English: set/sat/seat rule

eska · October 20, 2016, 8:44am

Hi, found this in the communication of a co-worker and thought I’d make a rule out of it:

<!-- English rule, 2016-10-20 -->
<rule id="SATSEATSET" name="sat/seat/set">
 <pattern>
  <token postag='PRP'></token>
  <token regexp='yes'>sea?t</token>
  <token>together</token>
 </pattern>
 <message>Instead of "<match no="2" regexp_match="(s)ea?(t)" regexp_replace="$1a$2"/>", did you mean "sat", the past tense form of "sit"?</message>
 <short>Did you mean "sat"?</short>
 <example correction=''><marker>We set together</marker>.</example>
 <example>We sat together.</example>
</rule>

Mike_Unwalla · October 20, 2016, 4:11pm

@eska,

Thank you.

I searched the NOW corpus (English-Corpora: NOW), which has 2.8 billion words. I found 3 incorrect sentences for the structure pronoun+set/seat+together. Thus, I think that this rule is a candidate for the statistics rules (confusion_sets.txt).
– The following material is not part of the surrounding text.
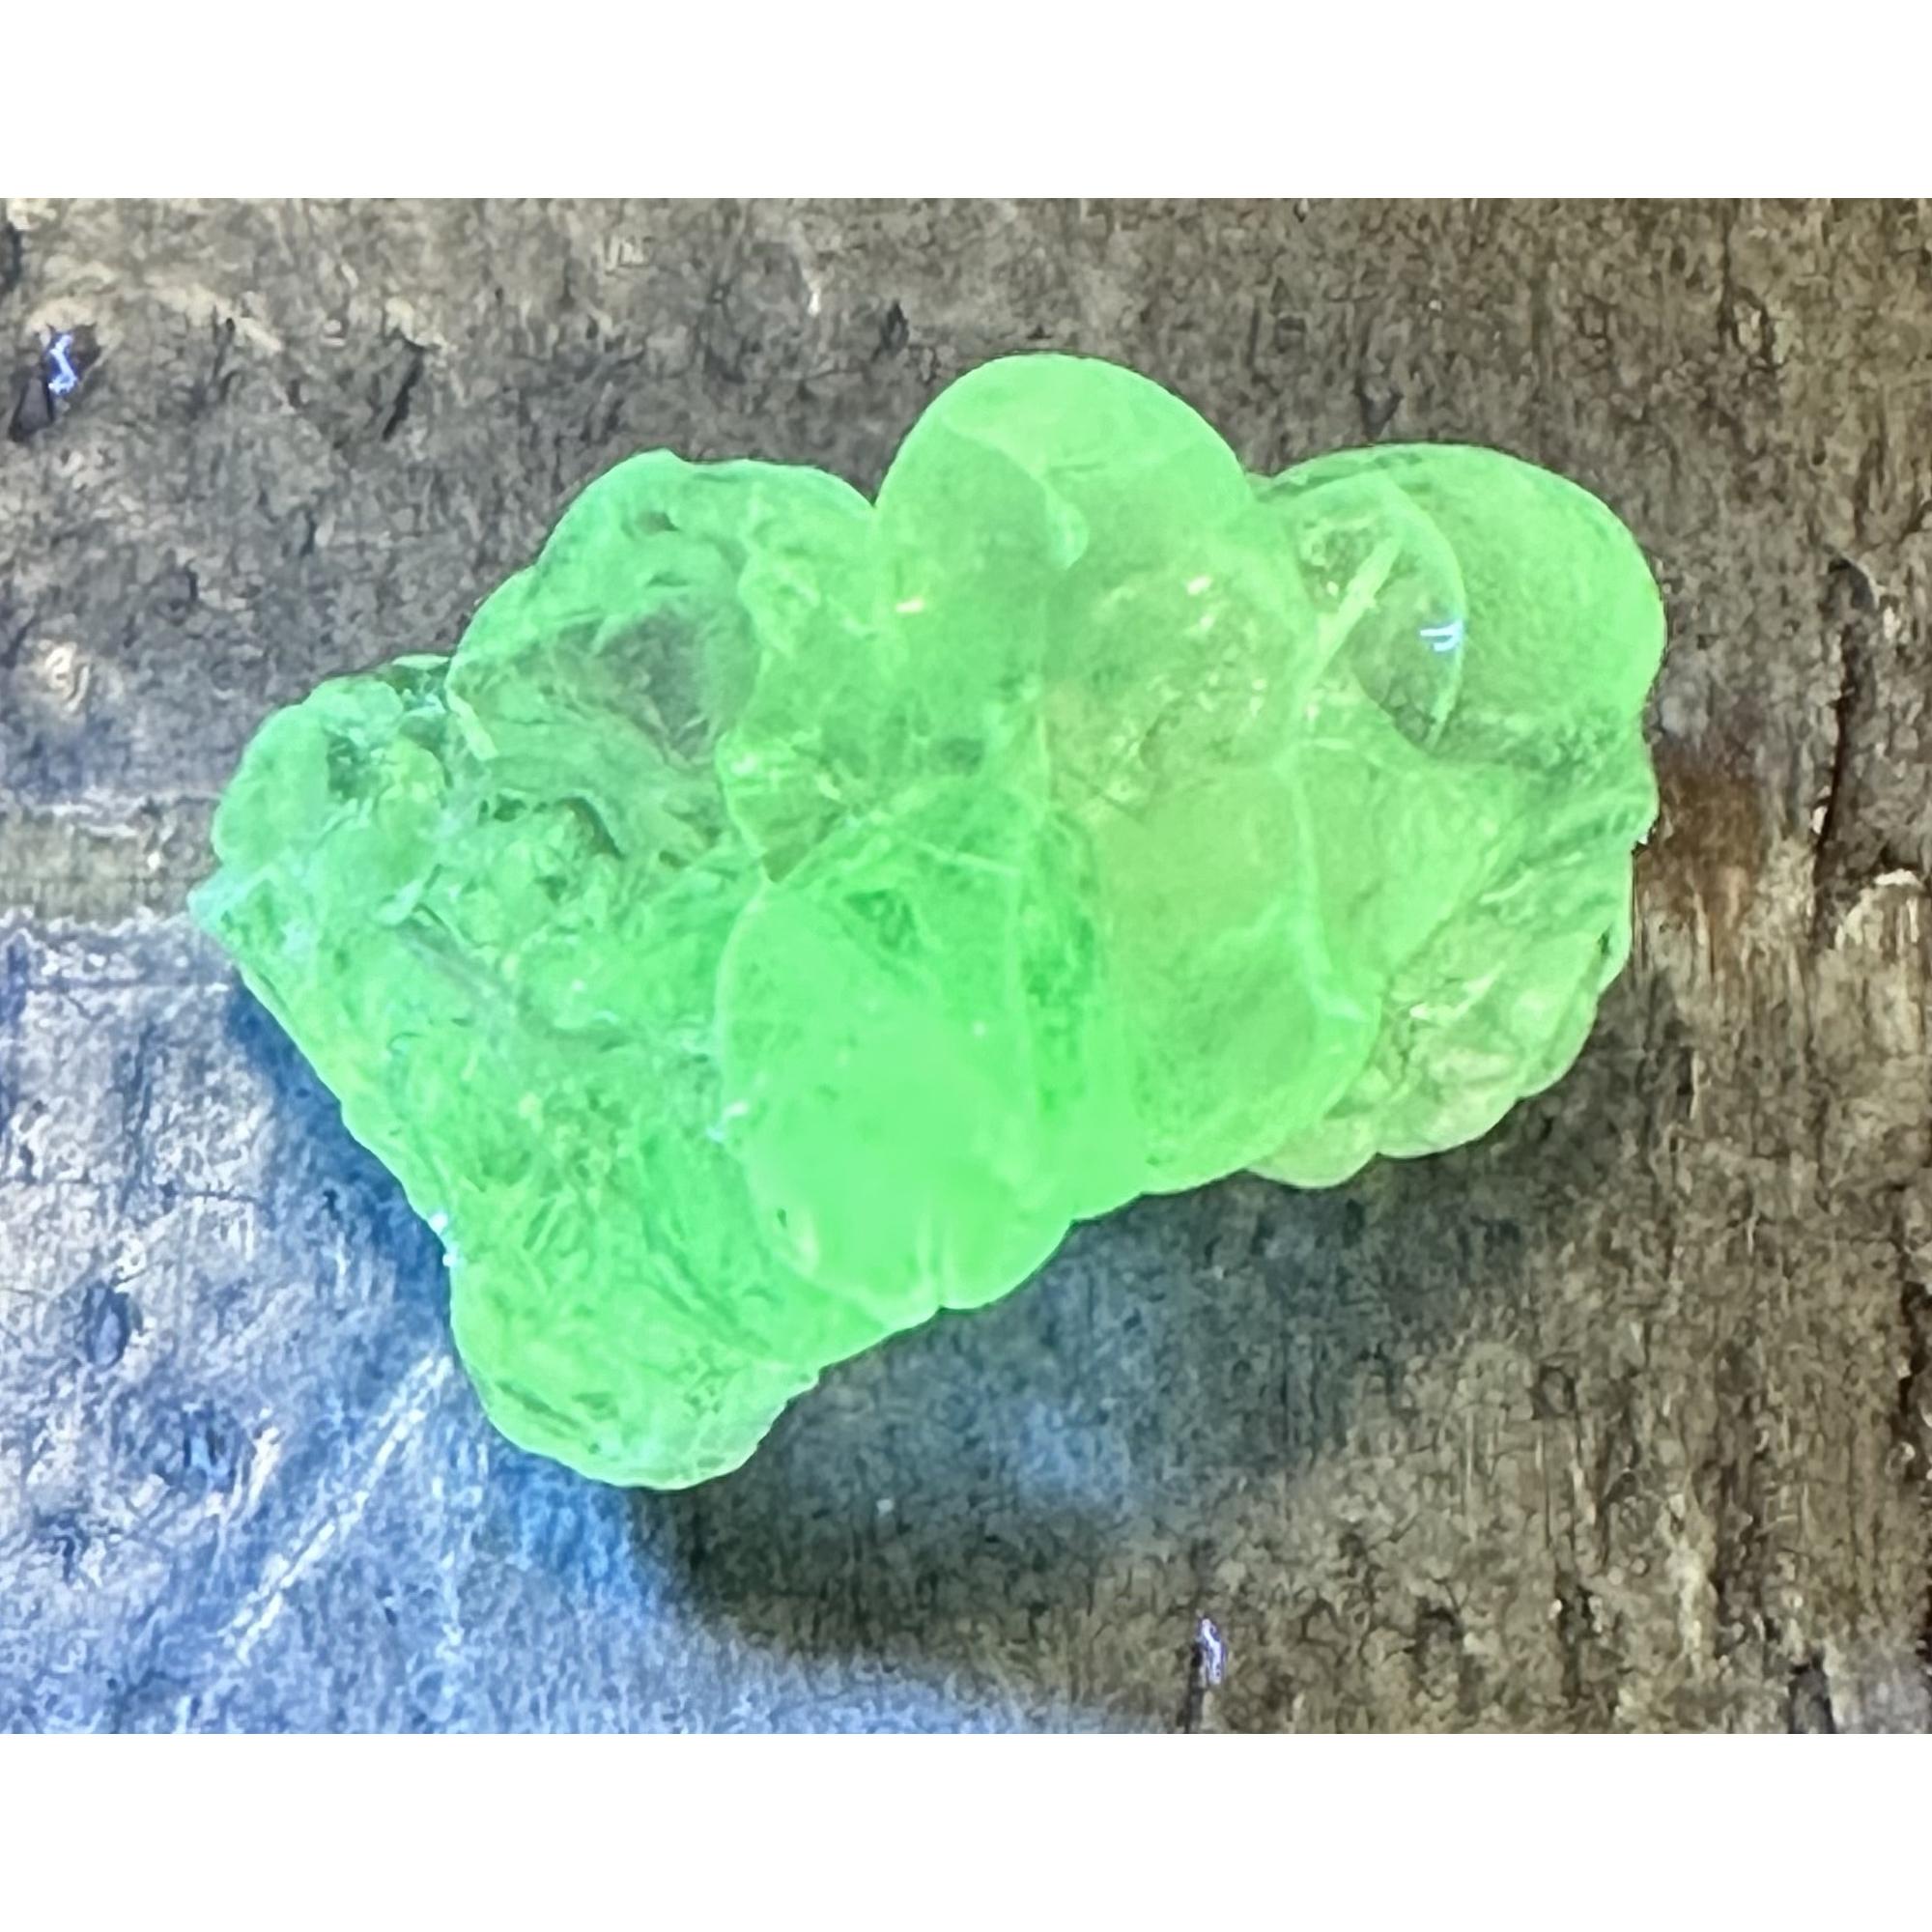 Opal, Hyalite, uv reactive, 2.46 grams, Mexico Prehistoric Online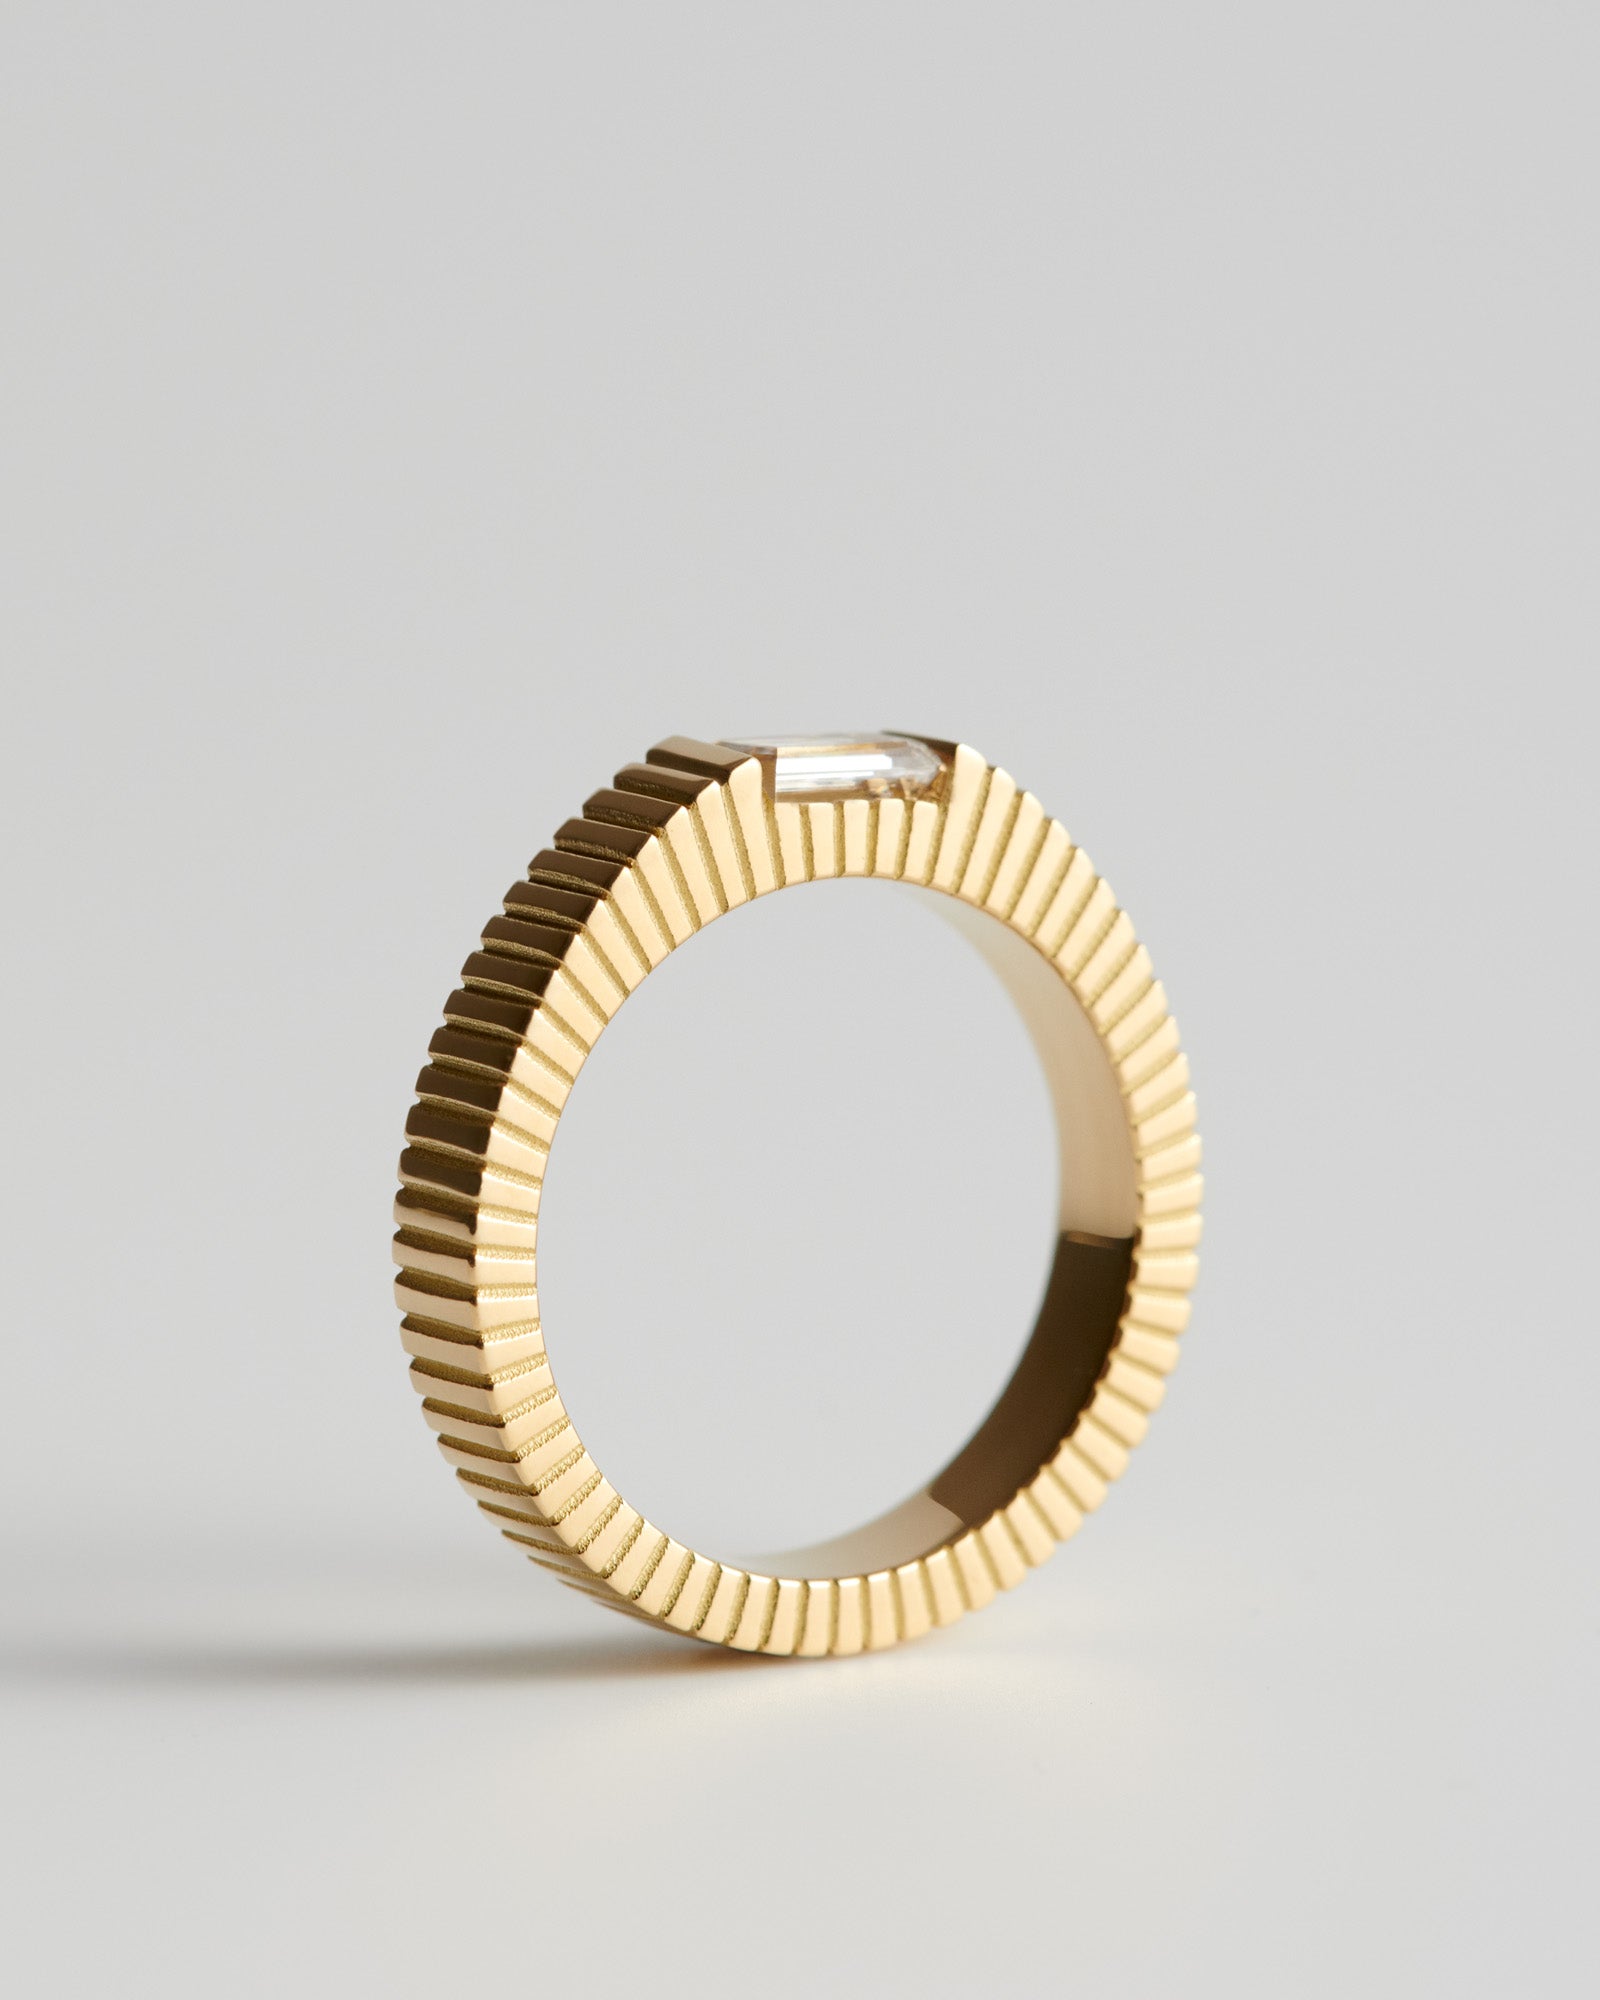 The Venetian Souvenir 05 Ring

@dnaber , when you get time, please look at these pairs, and if applicable, put them in confusion_sets.txt:
seat/sat
set/sat

dnaber · October 20, 2016, 5:56pm

I’ve added three pairs: seat/sat, set/sat, seat/set. They work quite well, catching between roughly 35% and 75% of confusions with low false alarm rates. They will become active on languagetool.org later today. Thanks!